- **Directions for this task**
Reproduce the entire listing exactly. Leave the pictures out.

- **Data shown**
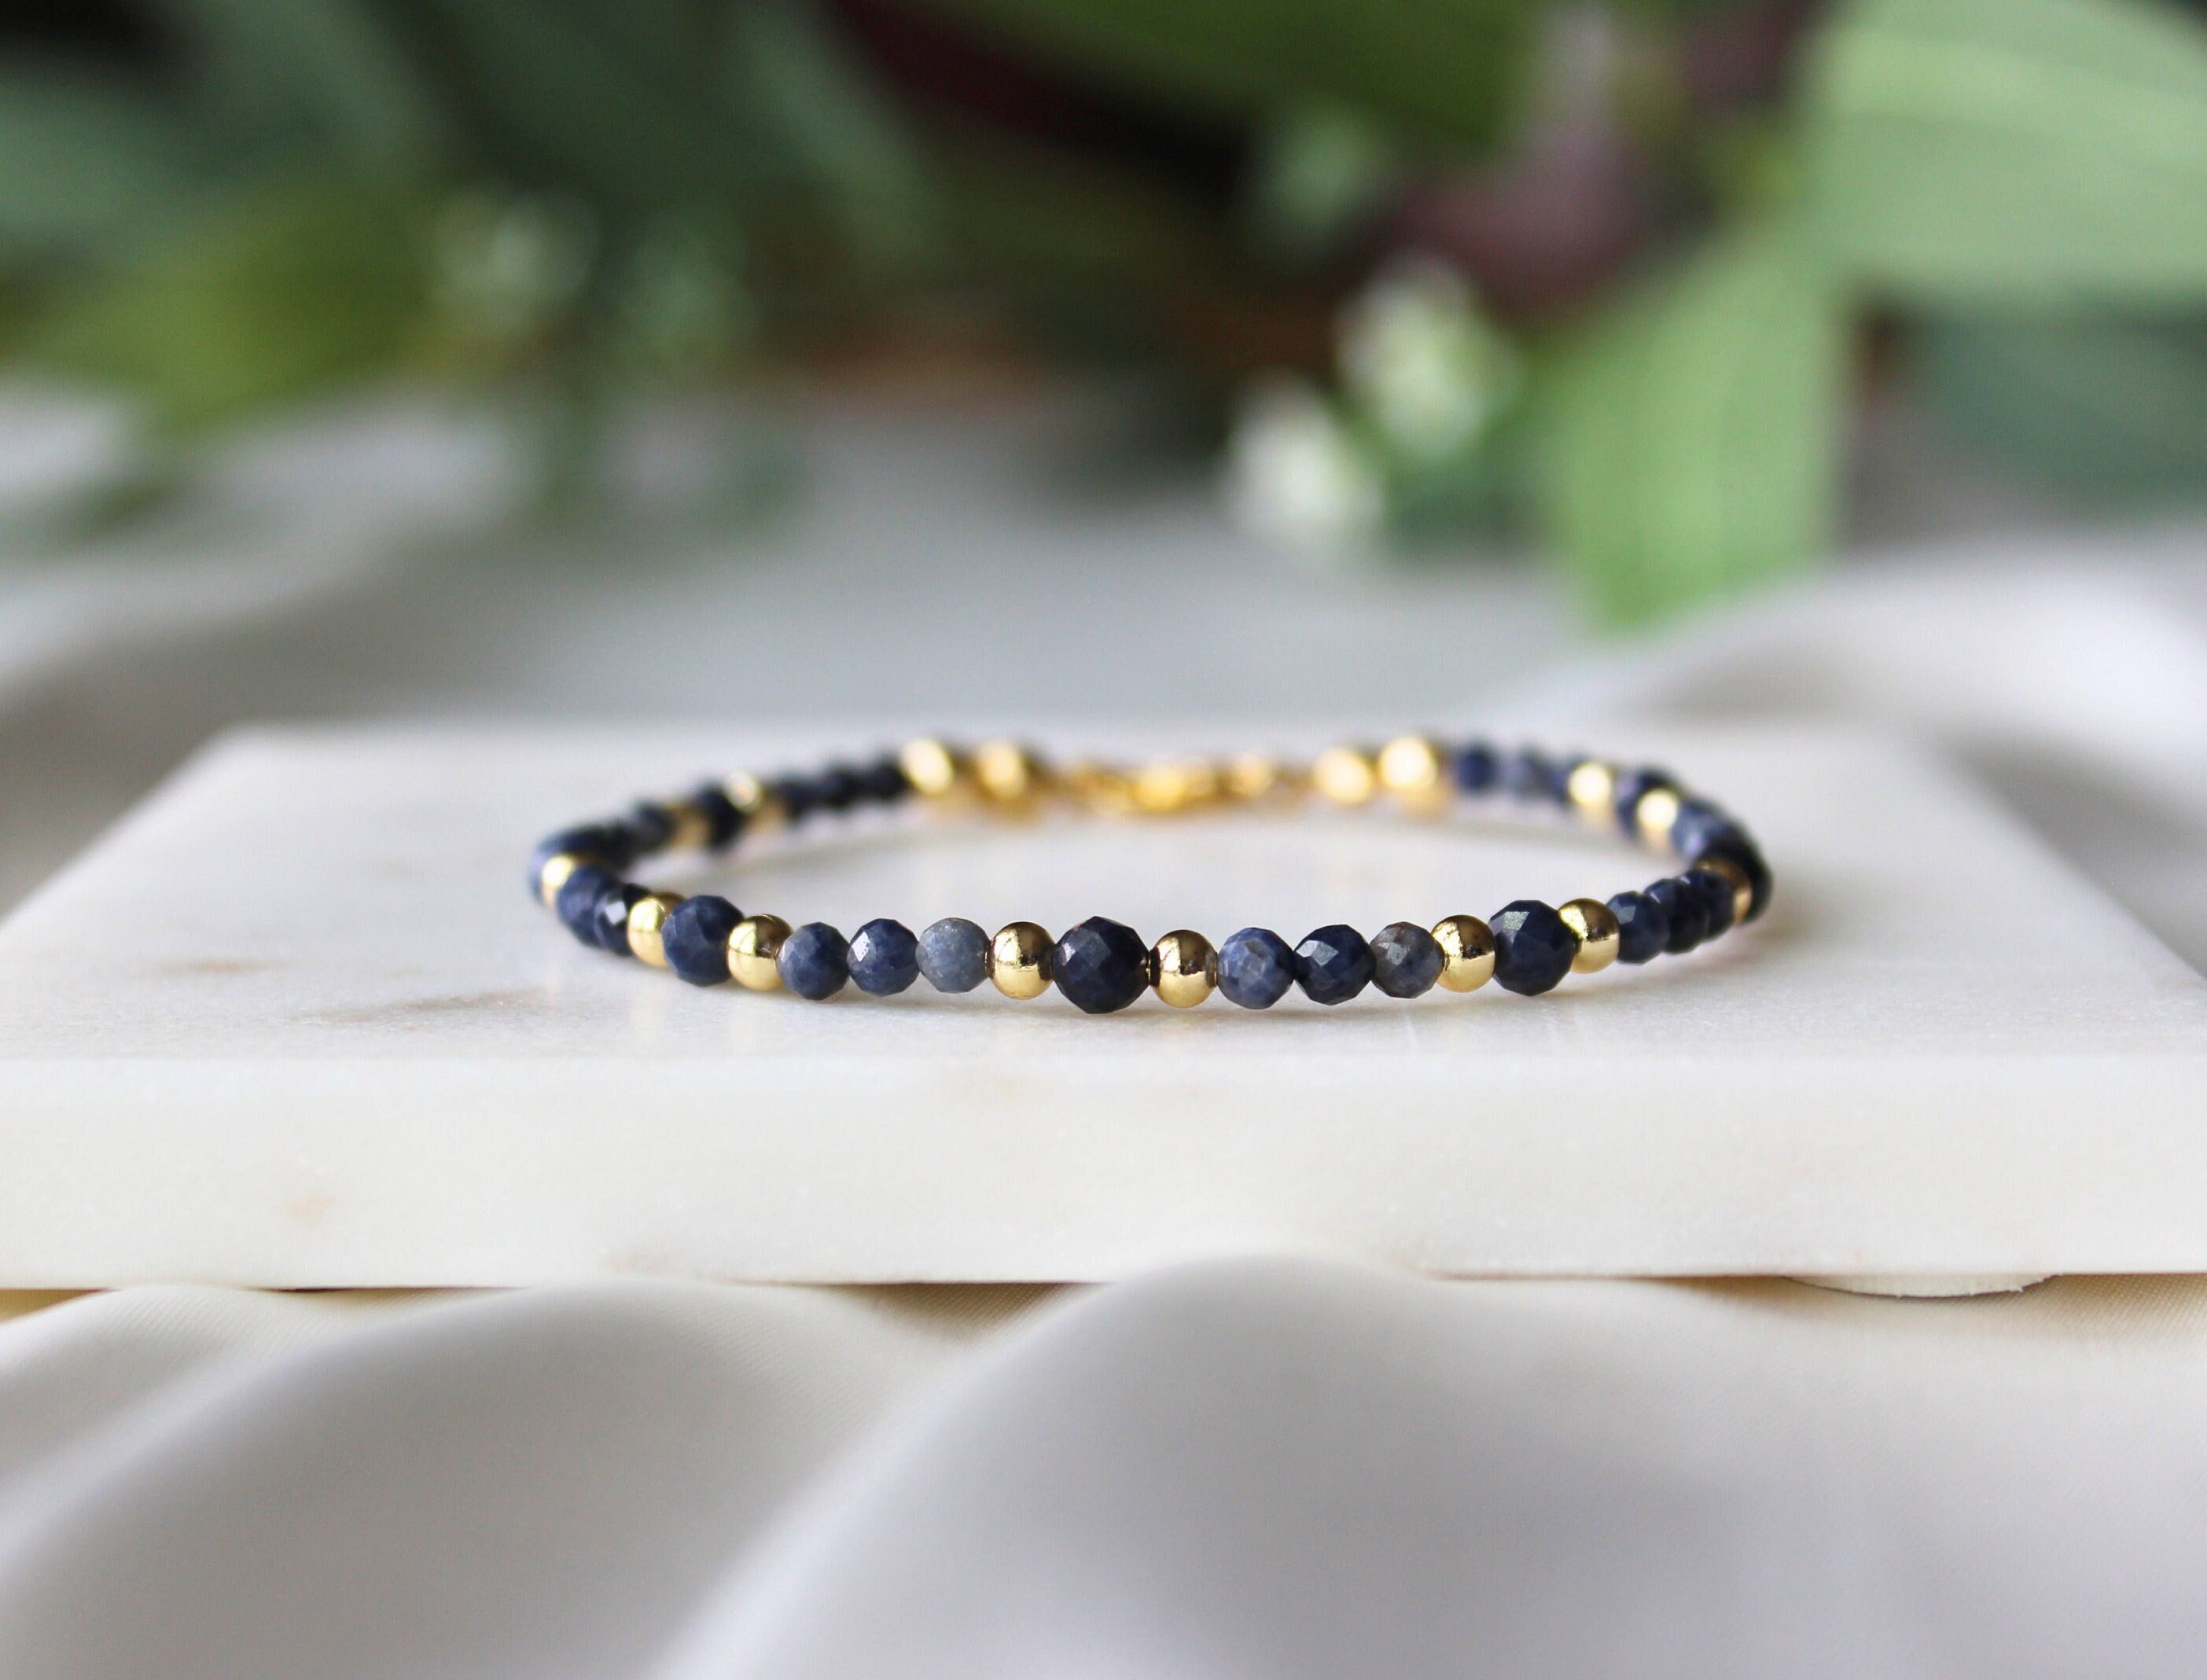 Oval Cut Blue Sapphire Bracelet, Solid Gold Diamond Bracelet, Unique Sapphire  Bracelet, Mothers Day Gifts - Etsy
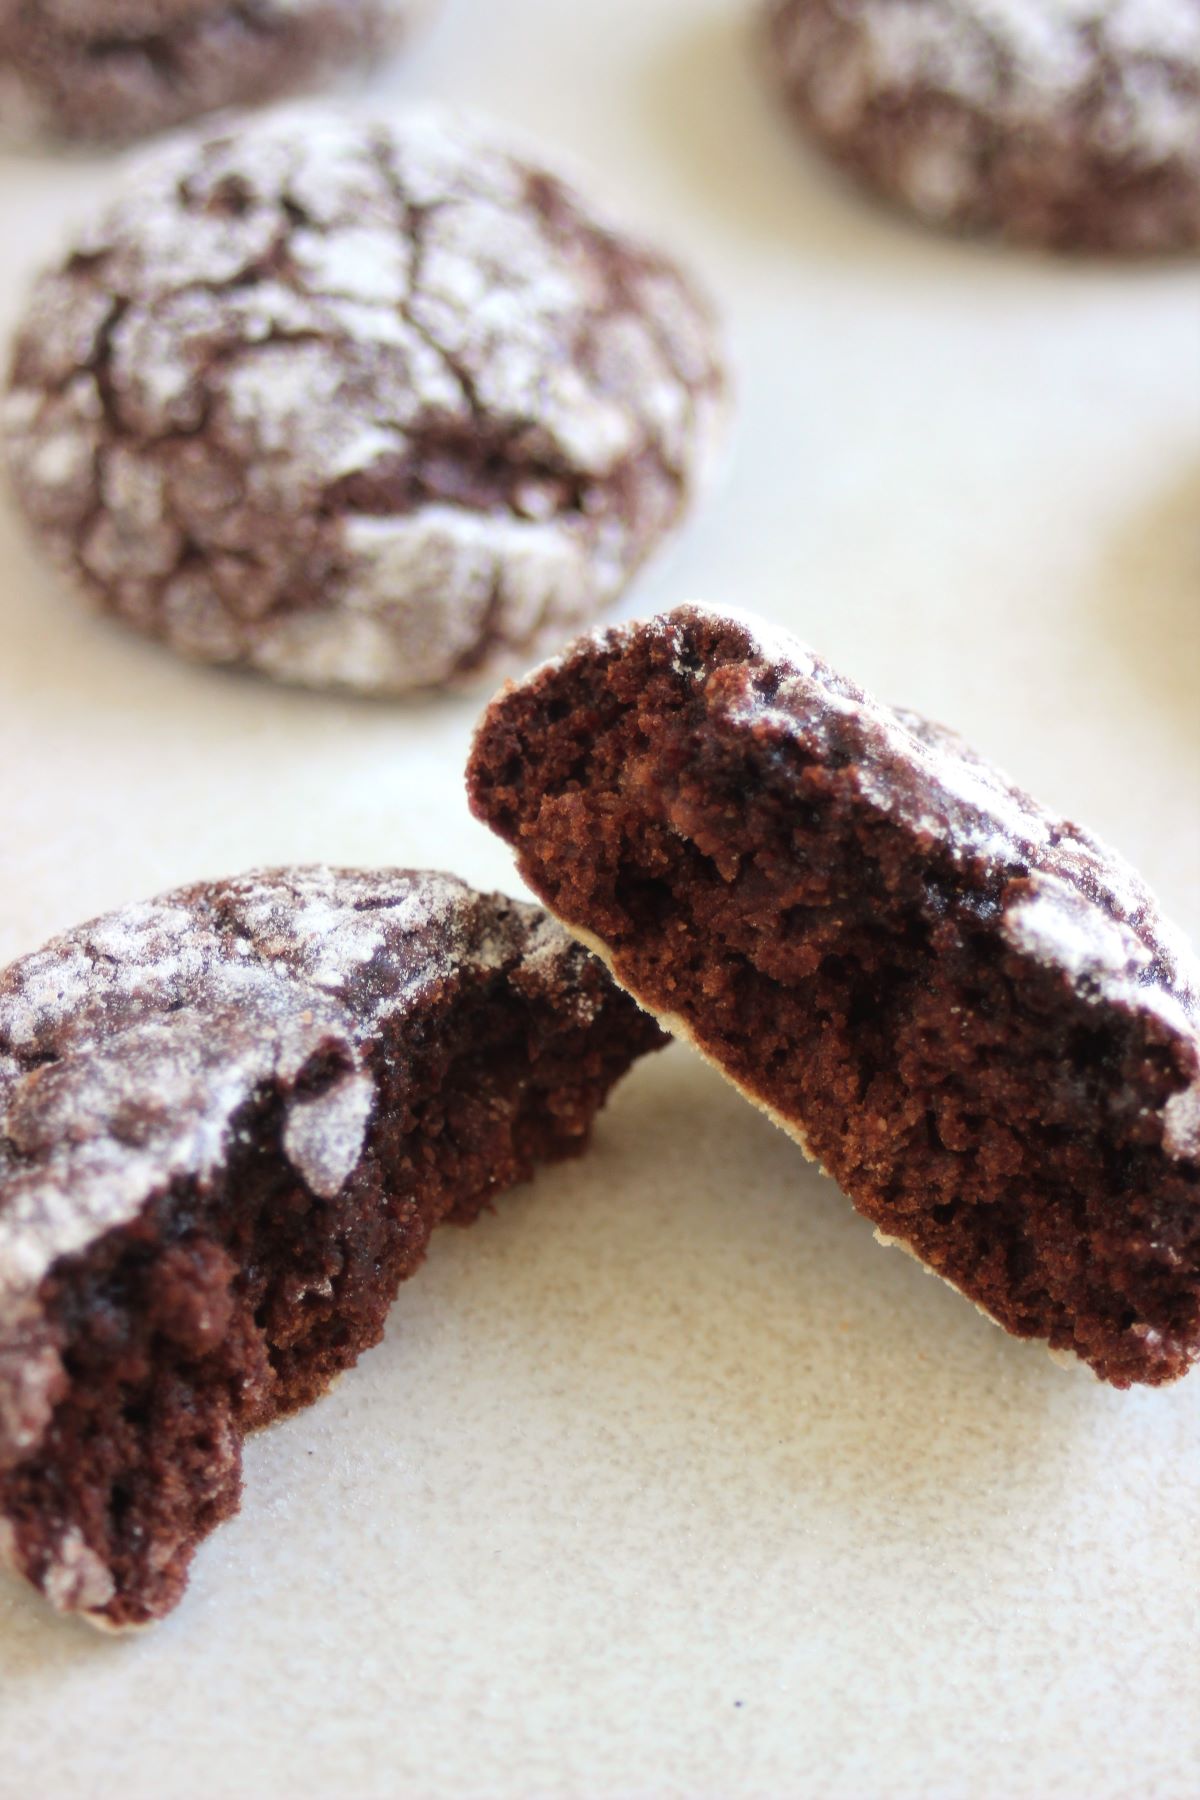 A chocolate crinkle cookie cut into two pieces on a white surface.
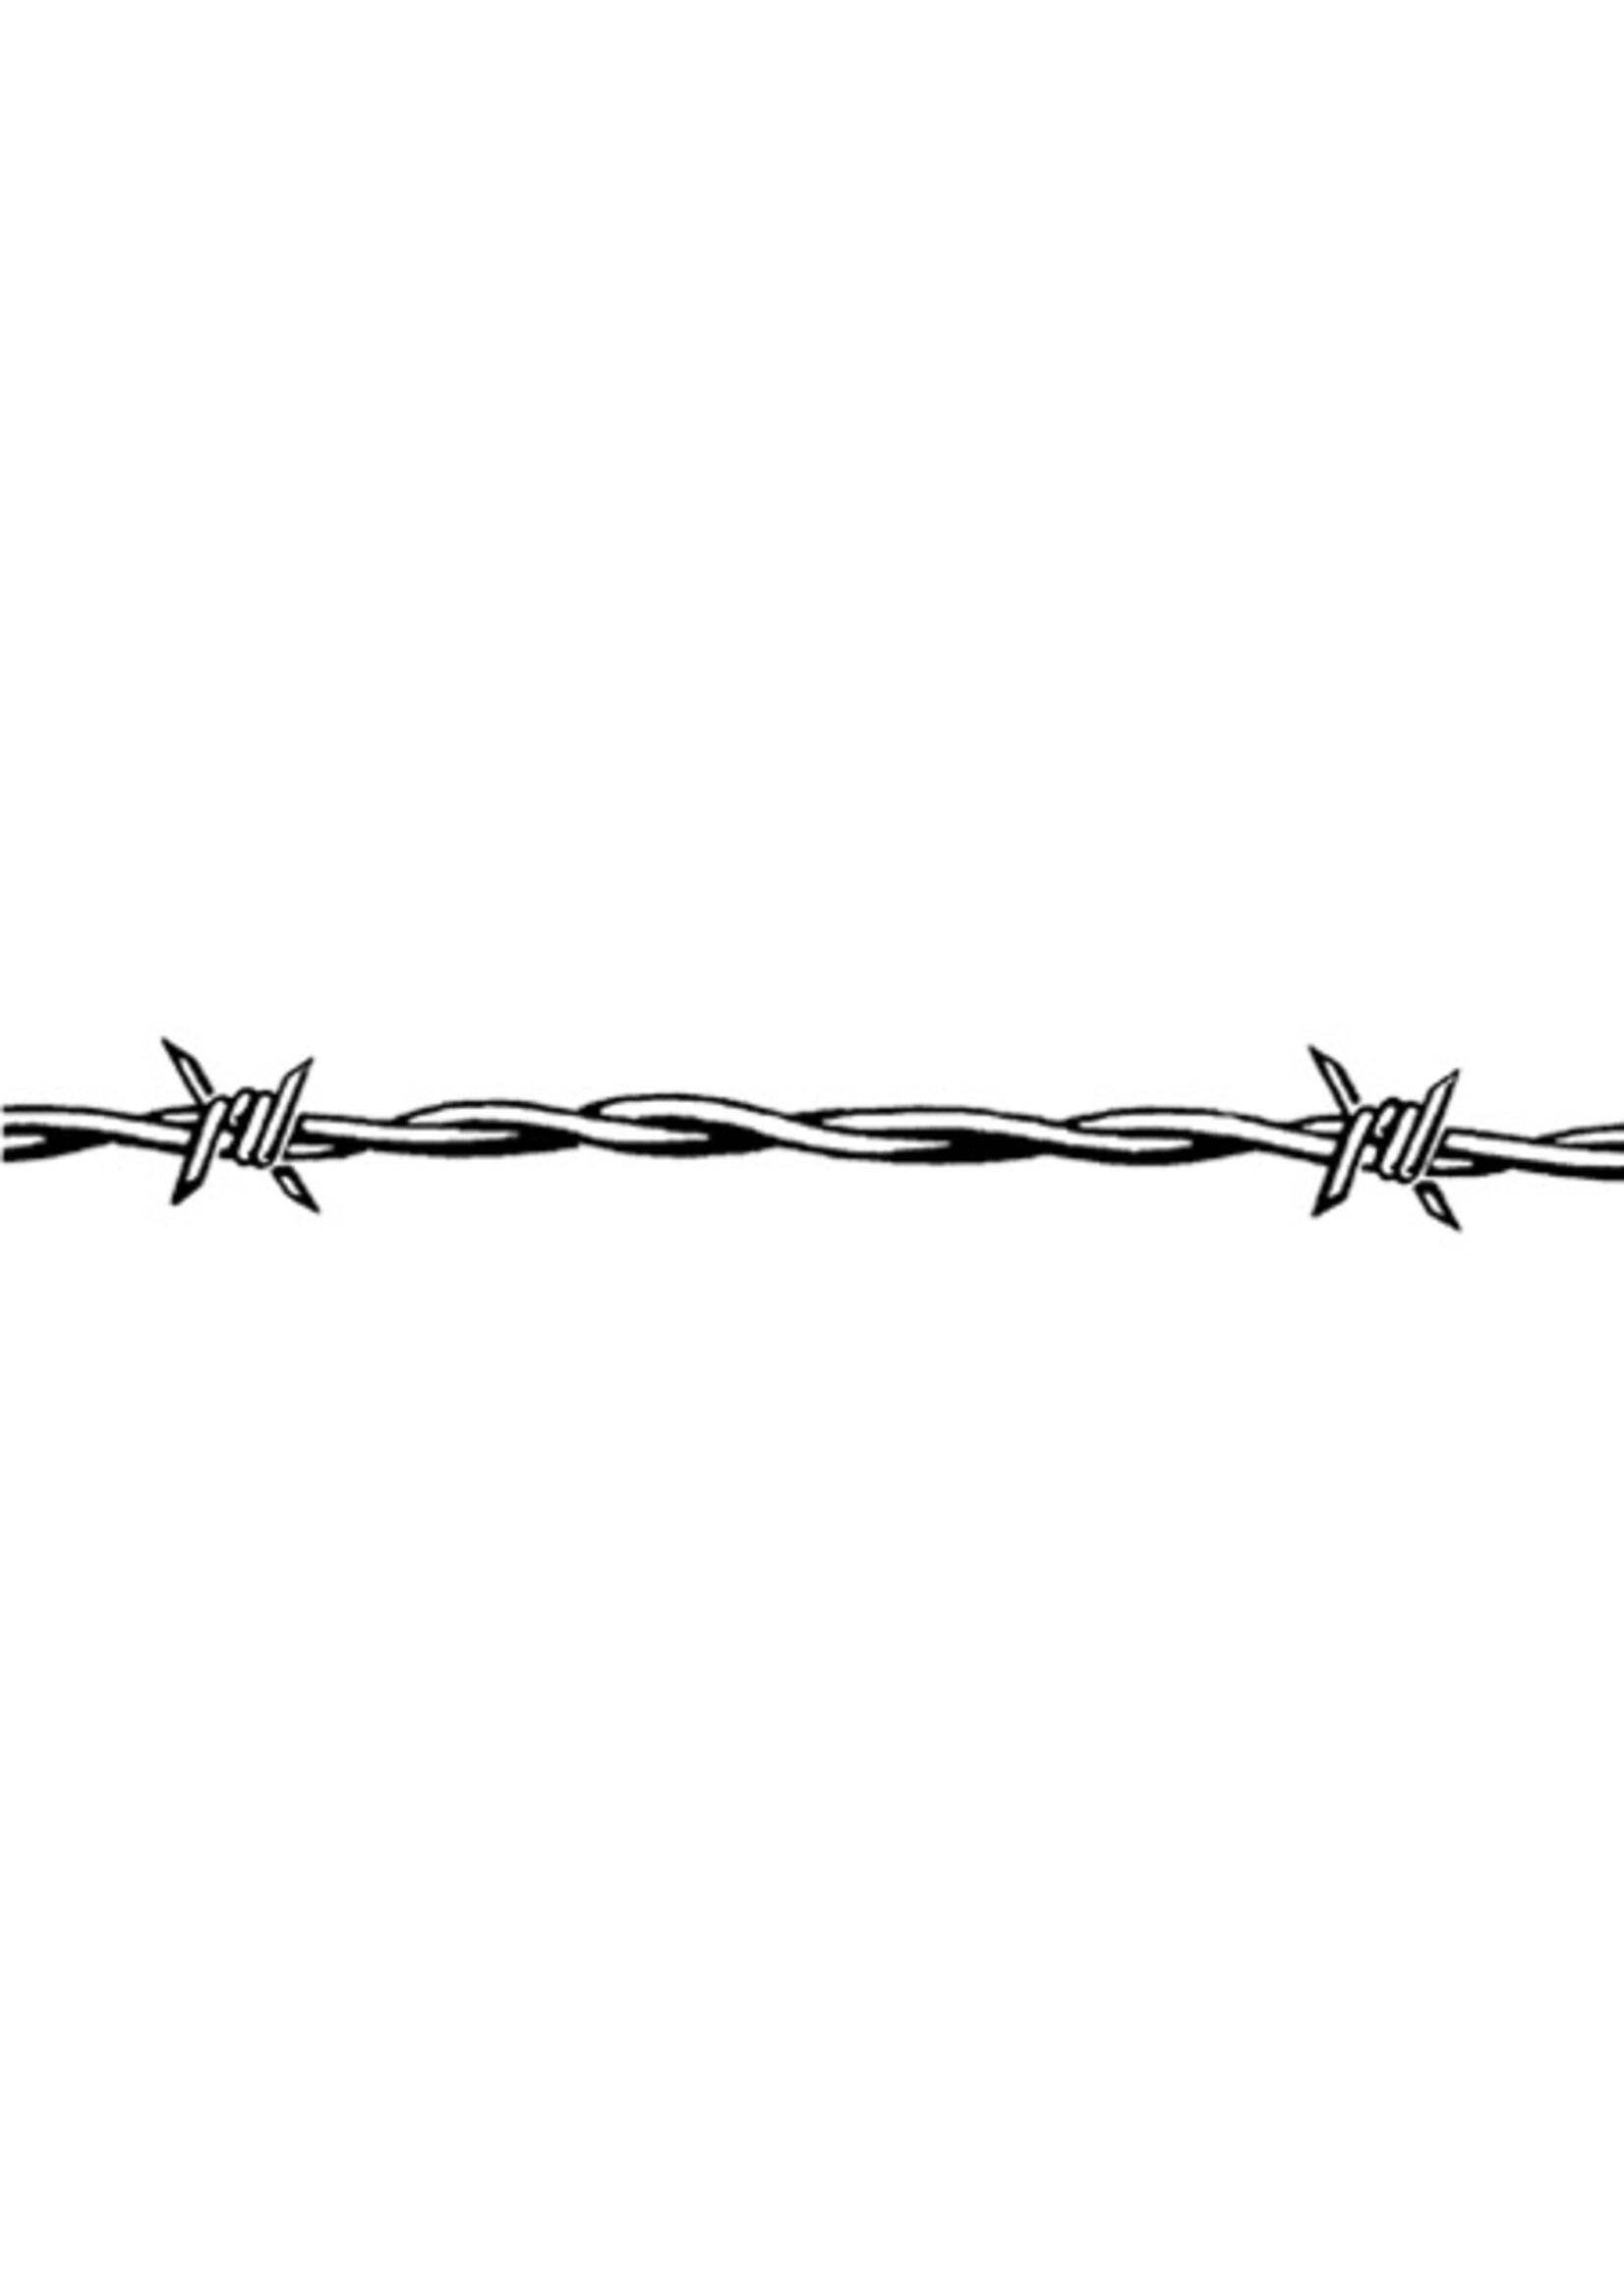 Barbed Wire - 12.5 GA.

- **Task result**
 Oval Cut Blue Sapphire Bracelet, Solid Gold Diamond Bracelet, Unique Sapphire  Bracelet, Mothers Day Gifts - Etsy
 A chocolate crinkle cookie cut into two pieces on a white surface.
 Barbed Wire - 12.5 GA.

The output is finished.